S'il n'y a pas de domination capitaliste si absolue qu'elle ne mettrait plus face à face que bourgeois et prolétaires et liquiderait toute autre relation ou idéologie que marchande, ce n'est pas parce que ce système n'aurait pas (encore) totalement conquis le monde, mais pour deux raisons tenant précisément à sa conquête. D'une part, le capital n'arrive jamais sur une tabula rasa. Même lorsqu'il a fait place nette en Amérique du nord par le génocide, il y a transporté nombre des réalités et des conflits de l'Europe et d'ailleurs. Il ne se produit pas lui-même : il utilise un matériel humain chargé d'histoire. D'autre part, même la société allant le plus loin possible dans la marchandisation et la salarisation, réduisant famille, école, affectivité, sexualité, idéaux, art, politique, etc., à un rapport d'argent et de profit, et se croyant libérée des tensions et idéologies anciennes, revient périodiquement à des pratiques qu'elle disait dépassées, restreignant ou bloquant la libre concurrence, encadrant le parlementarisme de façon autoritaire, rendant la grève impossible ou illégale, réinventant le protectionnisme. Ces apparents retours en arrière sont un effet moderne de la réalité venue au centre de nos sociétés : la relation entre capital et travail, et l'obligation pour le premier de se soumettre le second, sous des formes jamais définitives.

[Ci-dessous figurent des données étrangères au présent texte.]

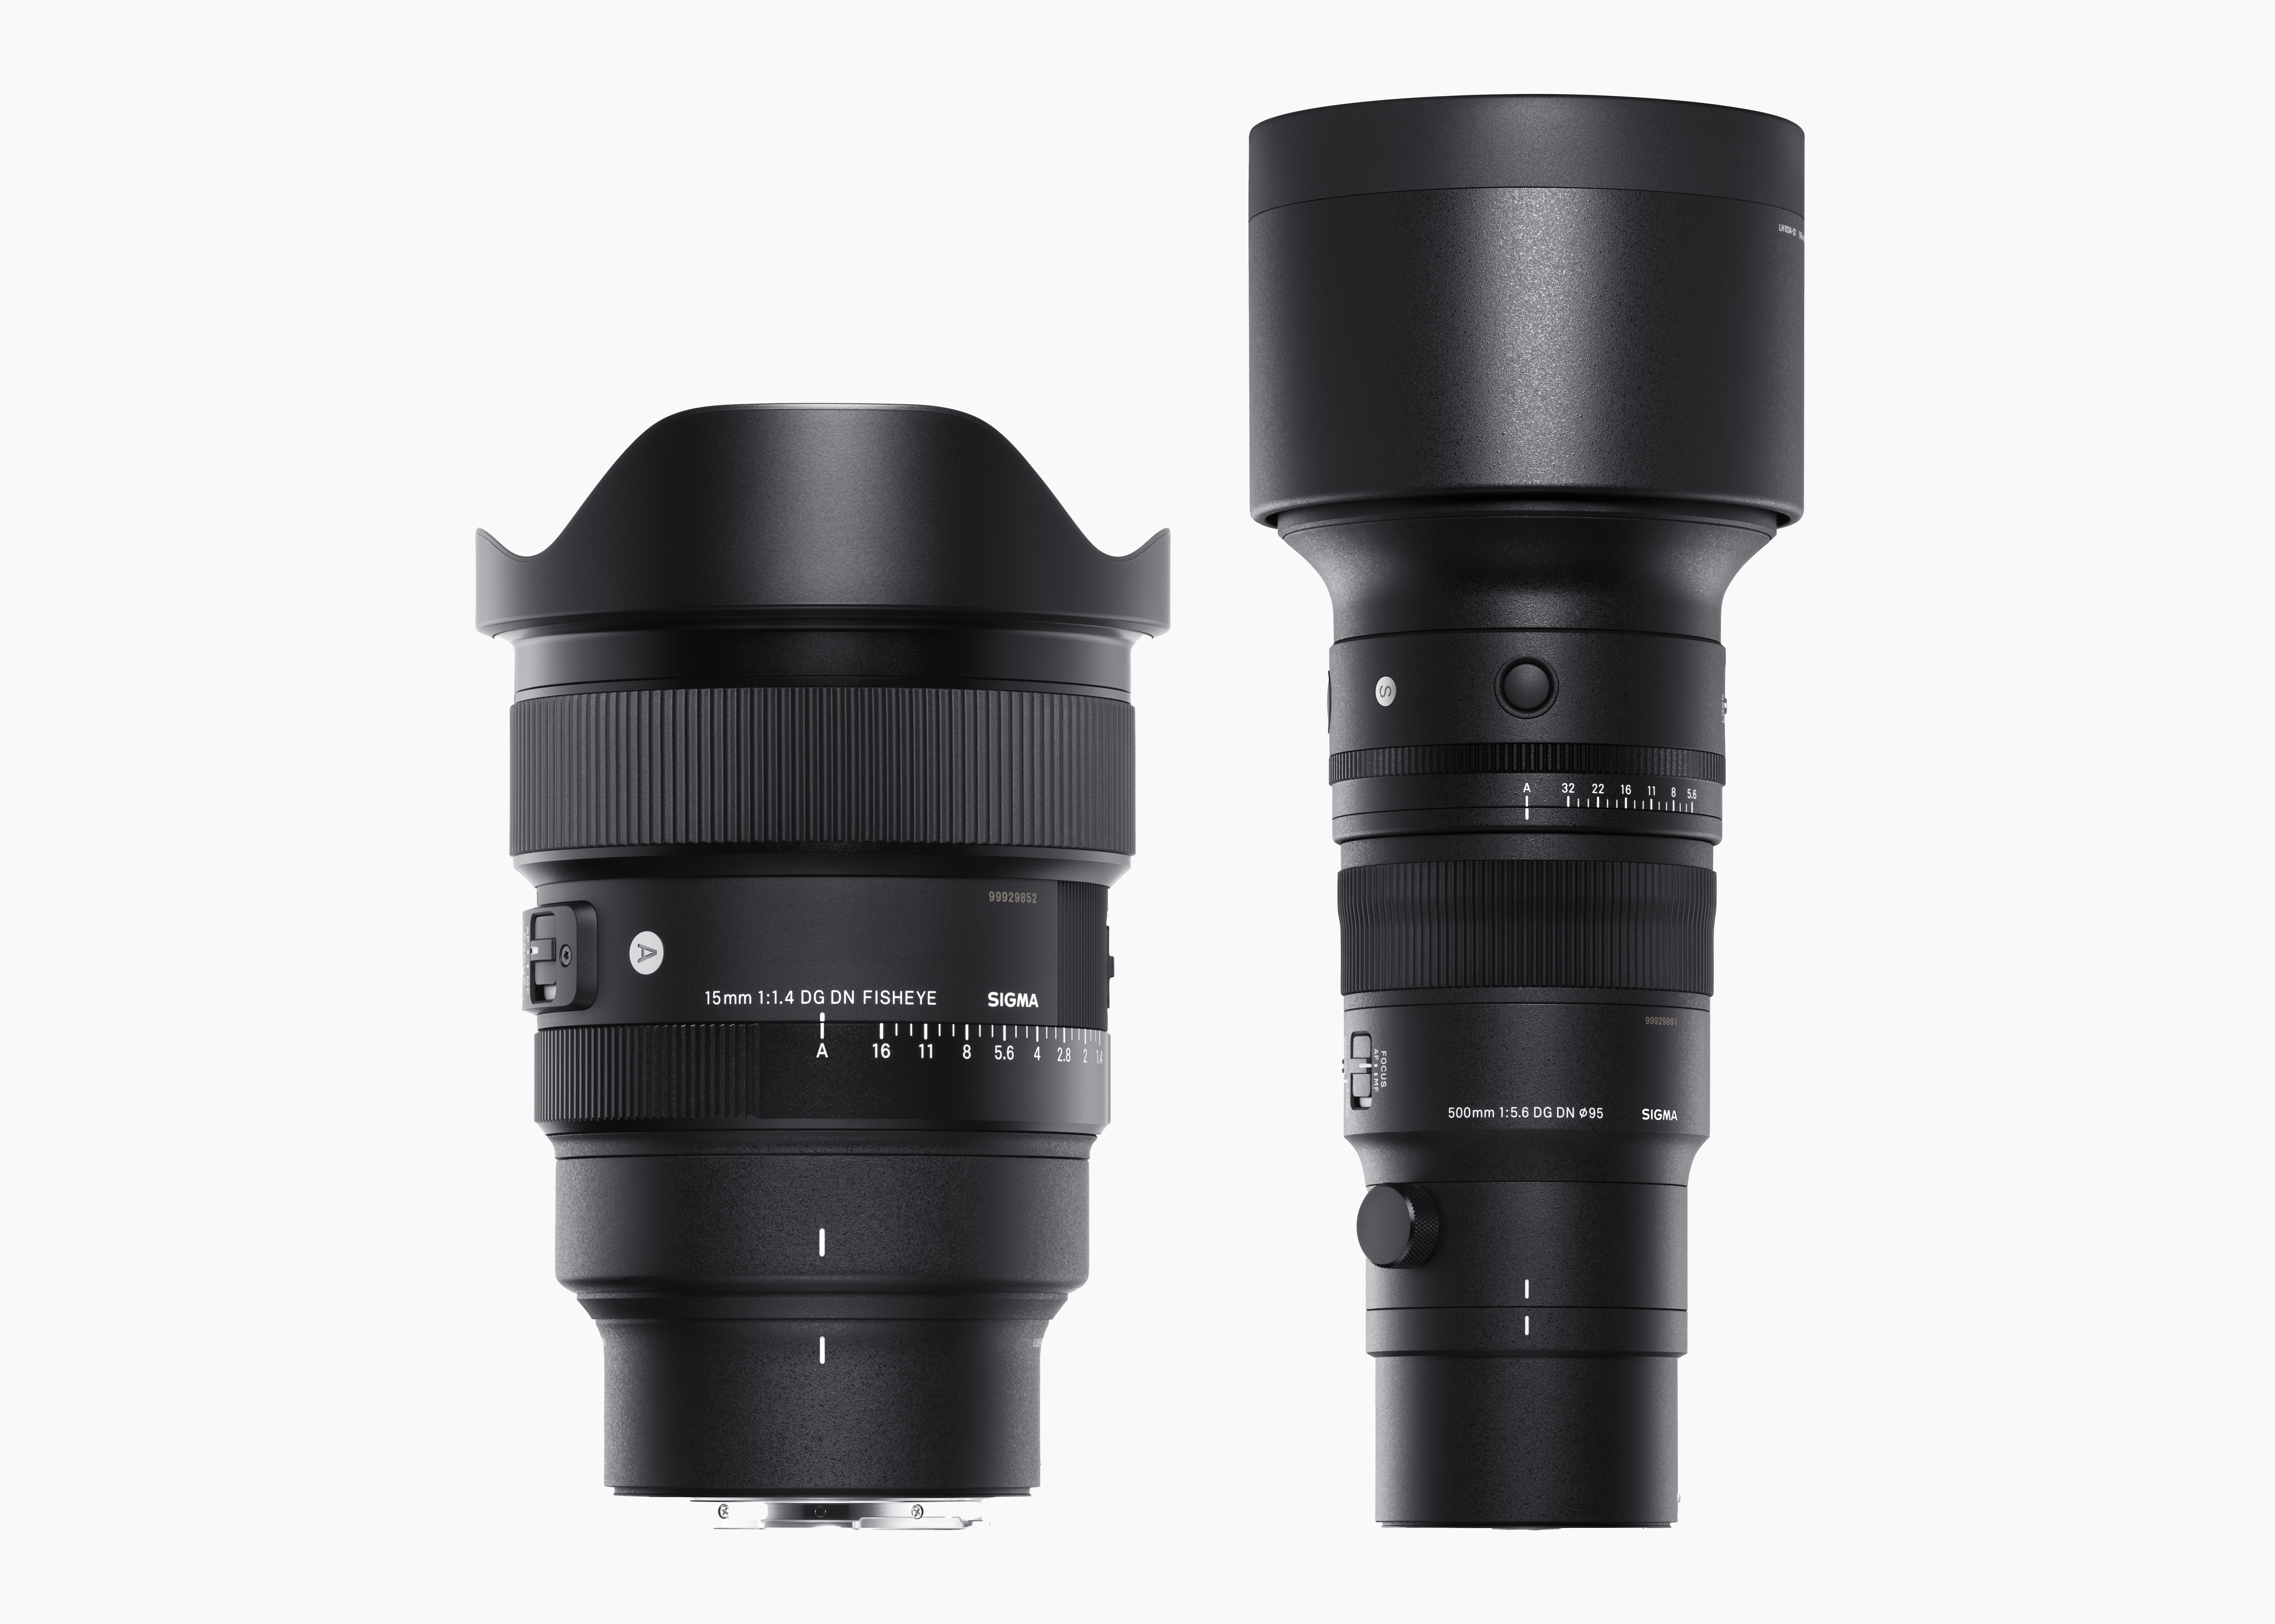 NEW SIGMA 15mm F1.4 DG DN and SIGMA 500mm F5.6 10

Quoique l'avenir du monde ne se décide ni sur les chaînes de montage ni dans les conseils d'administration, le capitalisme n'en est pas moins le moteur de l'histoire depuis la fin du 18e siècle. Aucune guerre contemporaine, de 14-18 à l'Irak actuel, ne s'explique seulement par le jeu des forces du capital et du travail : mais elle se déroule et se résout sous l'influence de ces forces. On peut souligner le poids des archaïsmes à l'œuvre en 1914, les résurgences du passé dans les paroxysmes de 39-45, ou la pesanteur des facteurs pré-, voire anti-capitalistes aujourd'hui à Washington comme à Riyad : cela n'empêche le rôle décisif des logiques et contradictions propres au capitalisme dans tous ces lieux et ces événements.